Identity theft affects more than 12 million people in the United States each year, and that number continues to climb at an unsettling rate.
Identity theft happens when someone’s personal information is illegally accessed or stolen, typically for the purpose of committing fraud. But the targets aren’t exclusively individuals. Criminals are also targeting businesses. It is estimated that financial fraud that results from identity theft costs American businesses upwards of $56 billion yearly.
With business identity theft, criminals hijack a company’s identity using confidential company information such as its employer identification number (EIN) or federal tax identification number and exploit that information to obtain lines of credit with banks or vendors using the company’s name. The identity thieves then use the credit to purchase consumer electronics, household materials, gift cards, and other valuable items that they eventually flip for cash.
When the theft is uncovered, it’s often too late for many victims with the damage already inflicted. Consequences can include direct financial losses, ruined credit ratings and hundreds of lost hours dealing with the problem, among others.

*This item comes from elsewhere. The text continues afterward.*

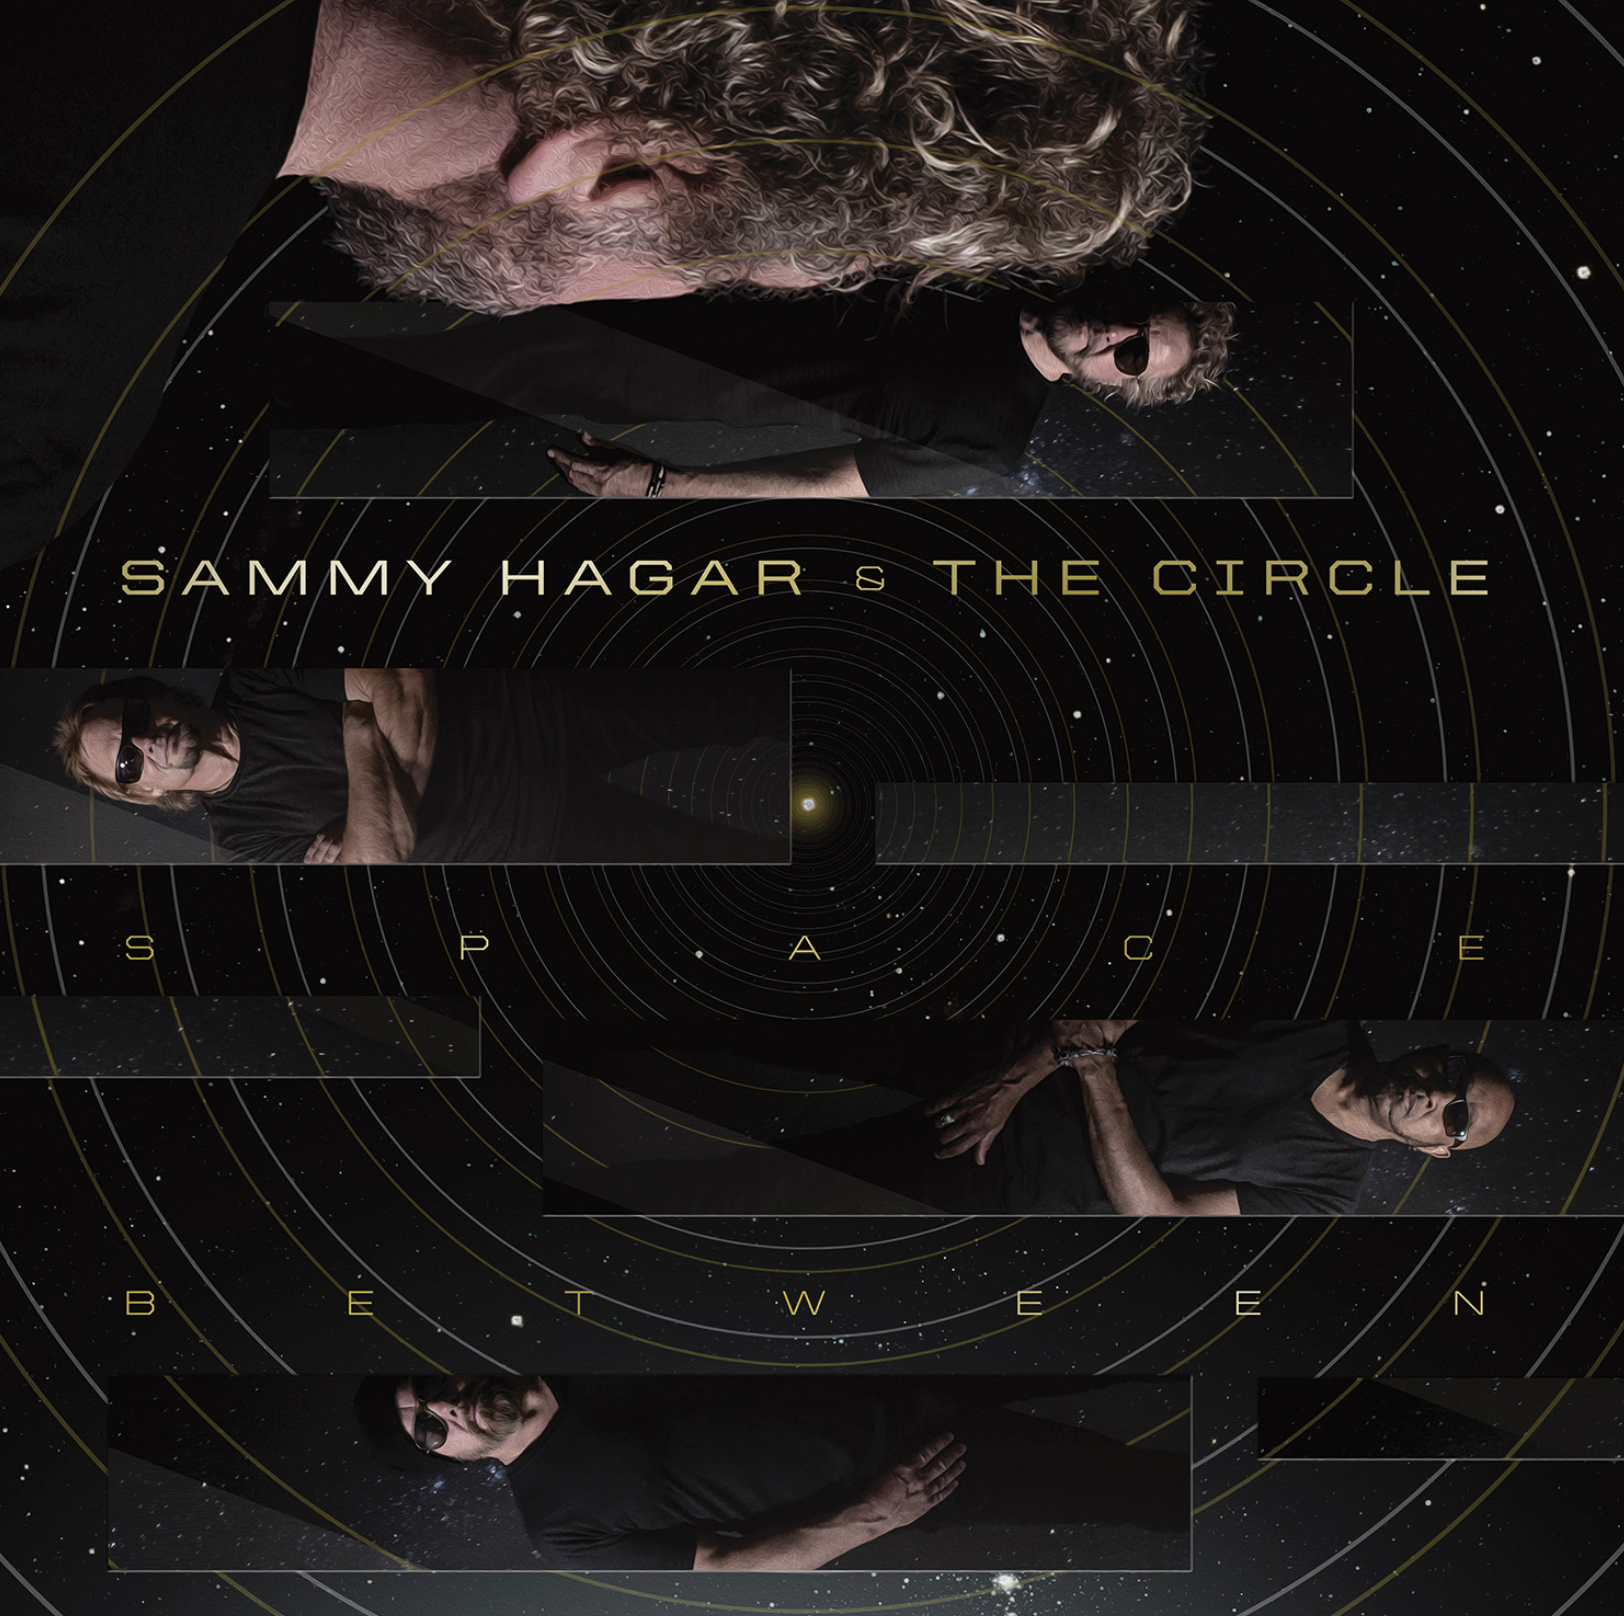 Sammy Hagar Tour 2020 Sammy Hagar Announces Album, Tour   Best Classic Bands

So what can you do to keep your business from becoming a statistic? Start with these steps:
Develop and implement a security plan – With limited resources and tight budgets, it’s easy to see why many business owners prioritize developing business plans over creating a security plan. As a result, many businesses become vulnerable. Make sure that you have a security plan in place to protect your confidential business information. Having a contingency plan ready in case of a breach will also help to contain the damage and limit losses.
Keep a close eye on your company’s credit and activity reports – A good way to detect potential identity theft is by monitoring your business’s credit report. Subscribe to a credit monitoring service if possible and take advantage of online billing when available. Some states offer an email notification service to business owners that alert them of any activity involving their business. By constantly auditing and reconciling your accounts, you will be able to promptly spot and report any unusual activity on your accounts before anyone can do substantial damage to your business.
Safeguard your company’s sensitive documents and information – Limit the number of ways ID thieves can access your company’s confidential information by keeping all of your documents and records in a secure location and by properly disposing of all information you no longer require. That means shredding all printed information and destroying or securely wiping all storage devices like hard drives and discs before disposal. Also, avoid sharing your company’s federal tax identification number, employer identification number, bank statements and other sensitive information with anyone unless absolutely necessary and always verify requests for such information. The same is true when transacting with third parties such as banks and vendors online. If you have to fill out a form on the web, only do so via encrypted connection, which is indicated by a padlock icon and “https” in the website’s URL.
Implement safe data practices – Identity thieves steal your data in many ways. Some do it the old fashioned way by going through your company’s trash or intercepting your mail, while others use more advanced methods like hacking and phishing. By following safe data practices such as proper information storage and disposal, and keeping your network and workstations protected and updated, you make your company much more difficult to target.
You have made considerable investments in terms of time, money and resources to growing your business. Don’t let it all go to waste. Make sure that you put in the same amount of effort and resources in keeping your company secure from identity theft and against a host of other threats.